Prior to the Perpres, Indonesia only relied on Law No. 37/1999 on international relations to handle refugees and asylum seekers, leaving institutions unclear about what to do with asylum seekers and refugees when they arrived in their regions.

The law does not elaborate on how to handle refugees and asylum seekers stranded in Indonesia on their way to other destination countries, such as Australia.

Last year, Indonesia was criticized for its treatment of a group of Tamil migrants from Sri Lanka who were stranded on a beach in Lhoknga, Aceh.

The Aceh provincial government refused to allow them to disembark for one week, confining them to their grounded boat.

The local administration argued that the asylum seekers lacked the proper documentation and that it had no budget to look after them, after earlier facing problems while hosting hundreds of Rohingya Muslims.

The central government later ordered the administration to allow them to disembark.

The Perpres contains detailed stipulations on which institutions are tasked with managing refugees in Indonesia, complete with each of their respective responsibilities.

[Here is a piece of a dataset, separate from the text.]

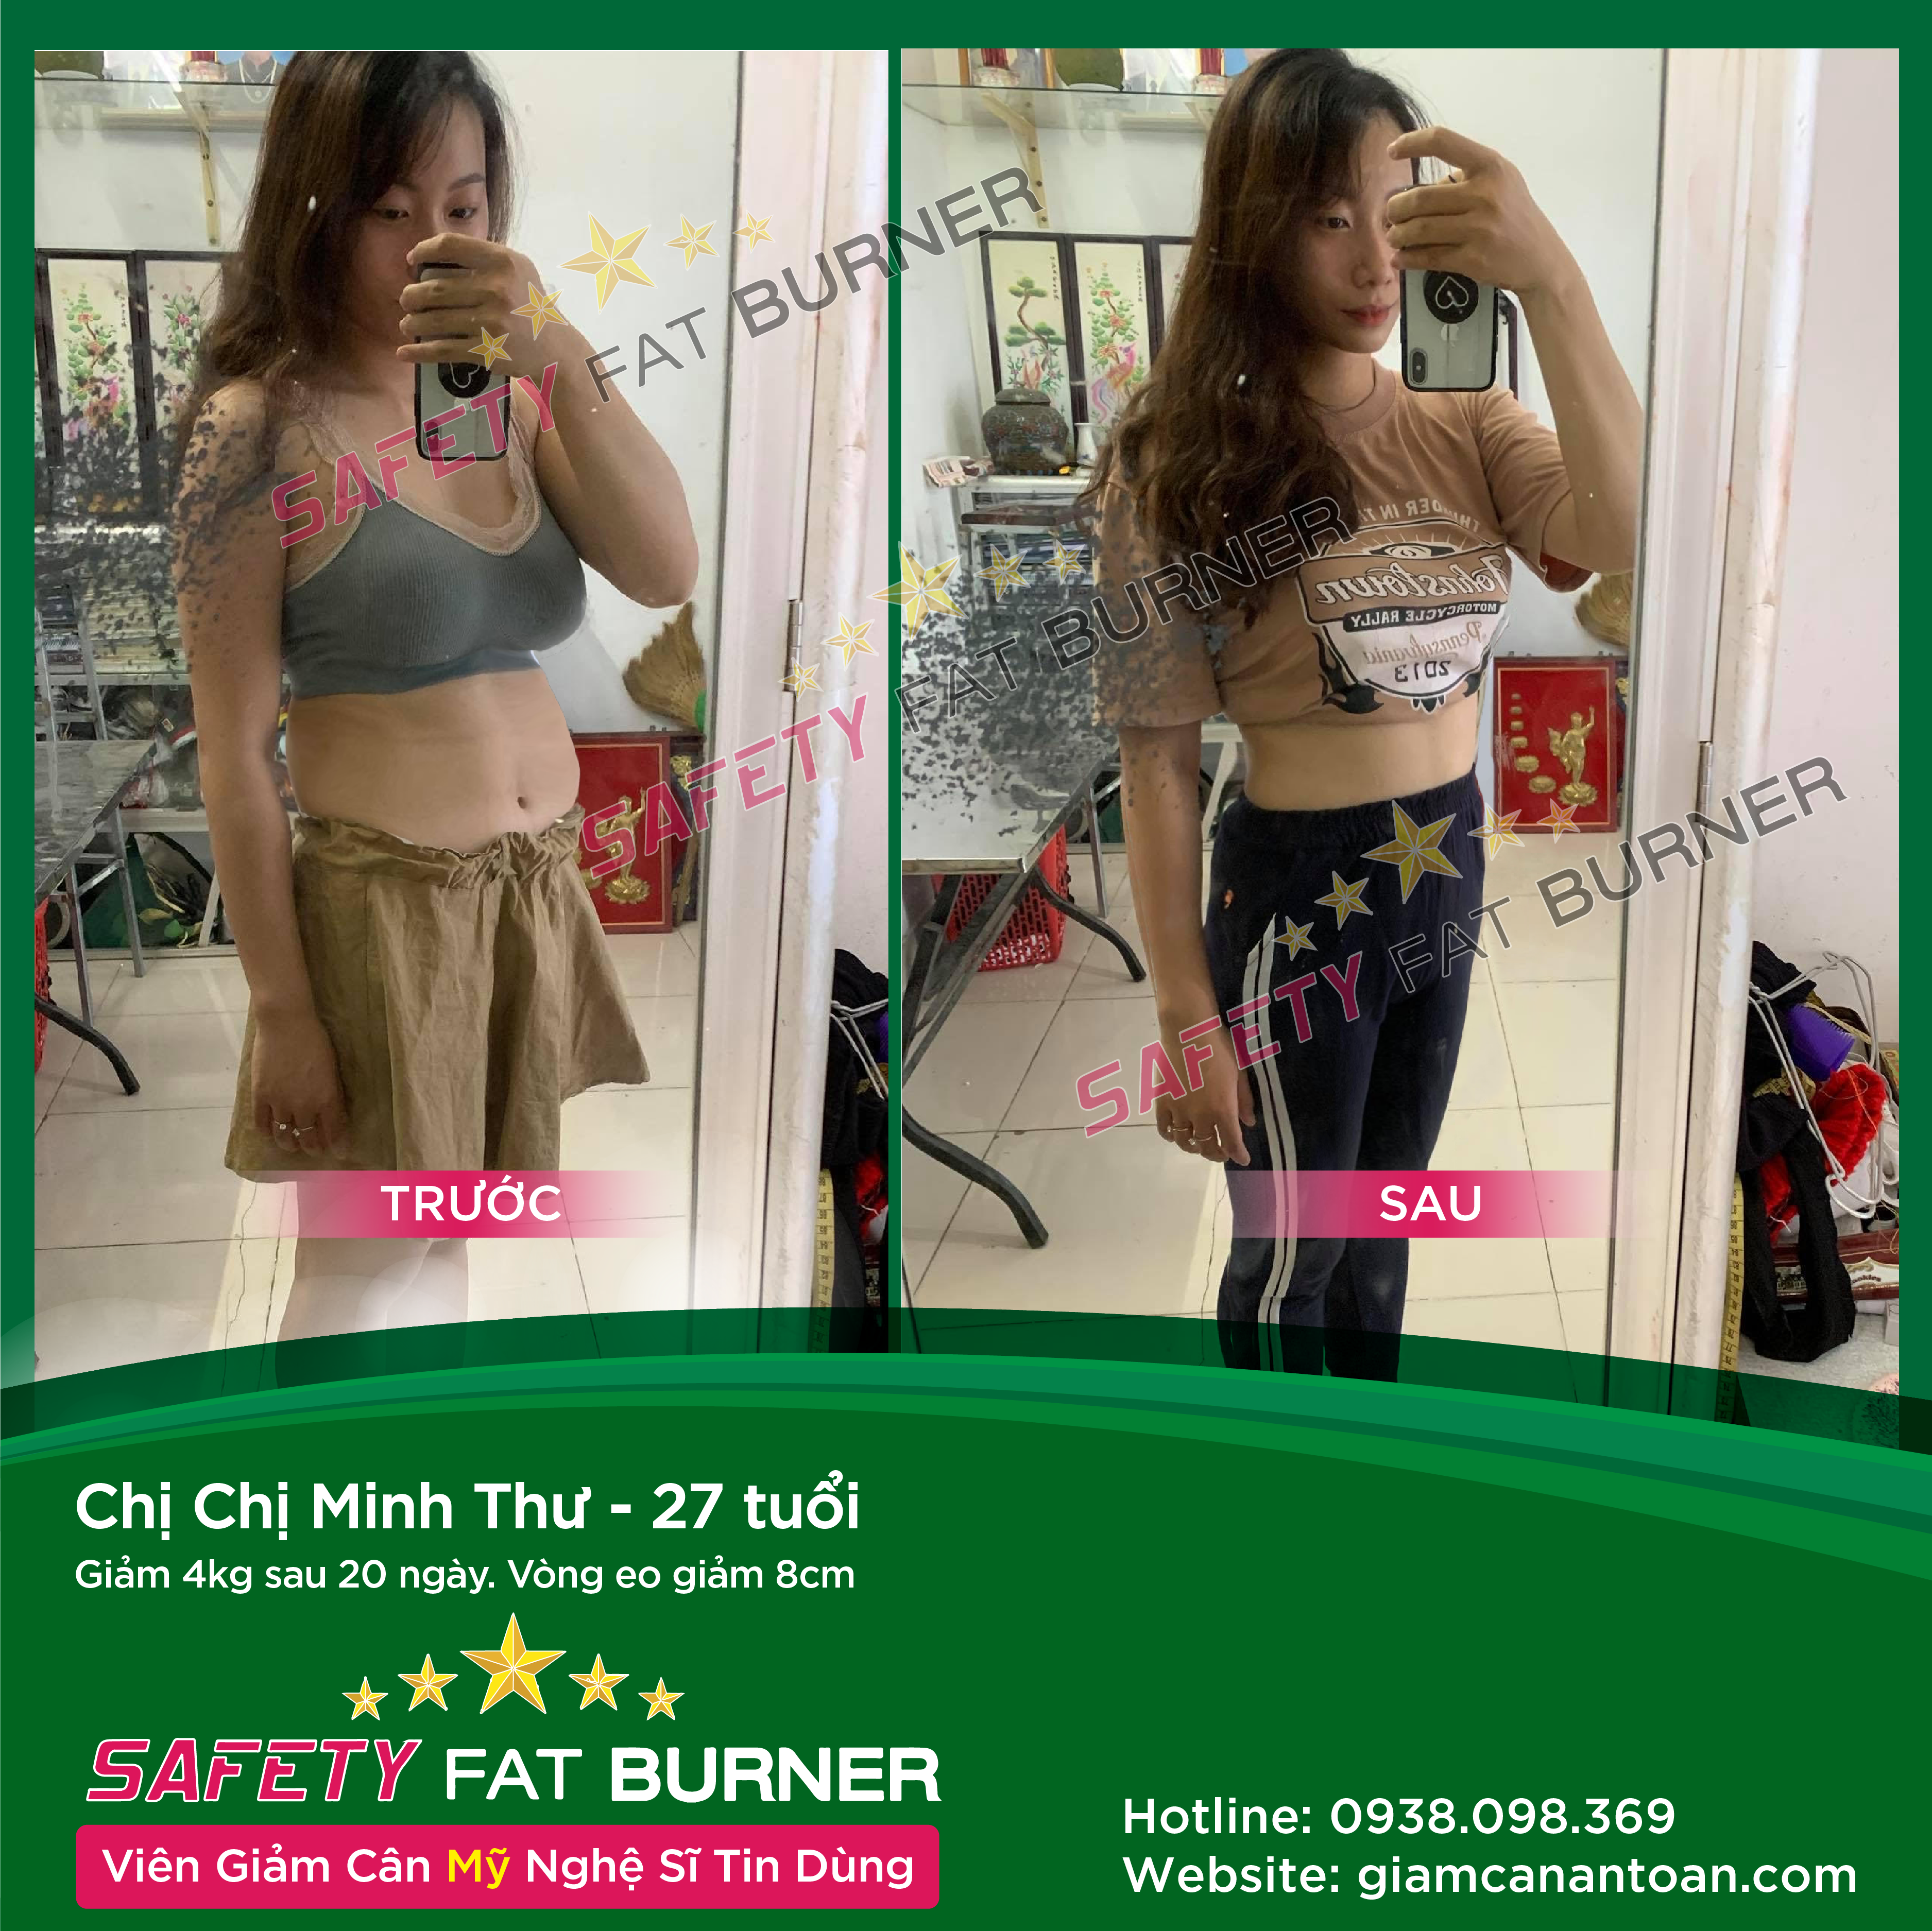 Chị Nhung Nguyễn - 27 tuổi. Giảm 4kg sau 20 ngày. Giảm 8cm vùng bụng.
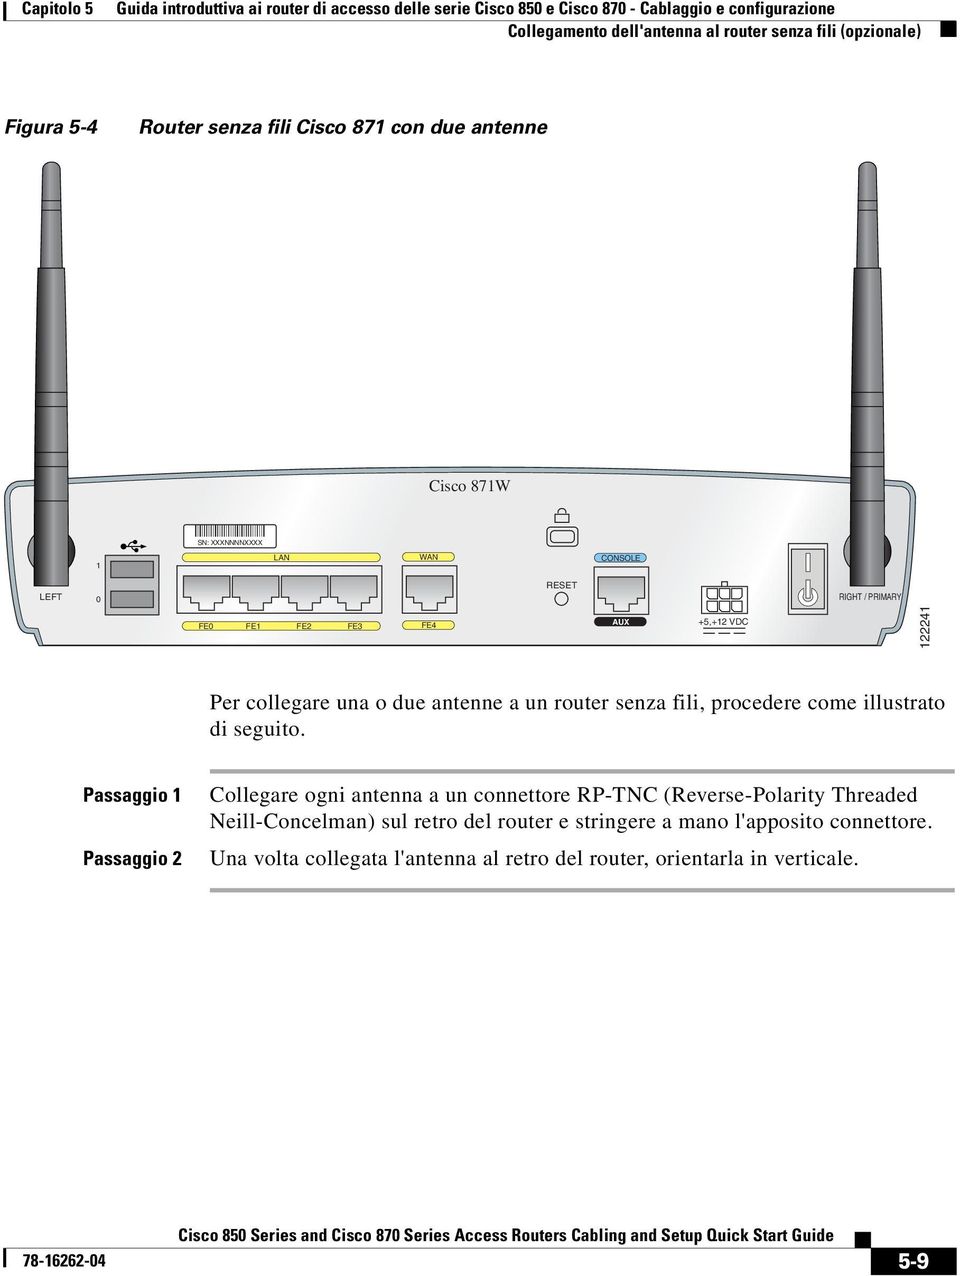 Per collegare una o due antenne a un router senza fili, procedere come illustrato di seguito.

It also serves as a legal basis for regional administrations to propose operational funds for handling asylum seekers and refugees and providing temporary shelters.

“With the presence of the presidential regulations it is now clear who is doing what and what kind of responsibility each institution has,” said Agung Sampurno, the spokesperson for the Law and Human Rights Ministry’s Directorate General of Immigration.

According to the Perpres, refugee handling is done through cooperation between the central government and the UN High Commissioner for Refugees (UNHCR) and other international organizations.

The Perpres further stipulates that the Office of the Coordinating Political, Legal and Security Affairs Minister coordinates the handling of asylum seekers in the country, from their discovery to settling and monitoring them.

For the discovery of asylum seekers, the National Search and Rescue Agency (Basarnas) is tasked with conducting search and rescue operations on vessels suspected to be transporting asylum seekers.

Once the asylum seekers are found, they would be moved to safety boats if the vessels are about to sink and taken to docks or nearby land.

The asylum seekers in need of medical attention are to be identified immediately and they would be taken to immigration detention centers. If there is no available immigration detention center, the asylum seekers will be brought to the local immigration offices or nearby police stations.

Then the immigration officers are to record the data of the asylum seekers by checking their travel documents, immigration statuses and identities.

The UNHCR will review proposals from asylum seekers and decide whether they are eligible to be granted refugee status.

If their applications are rejected, the relevant institutions would have the authority to deport them to their countries of origin.

Before the Perpres was issued, the relevant institutions in Indonesia did not know what to do with asylum seekers whose asylum requests had been rejected by destination countries.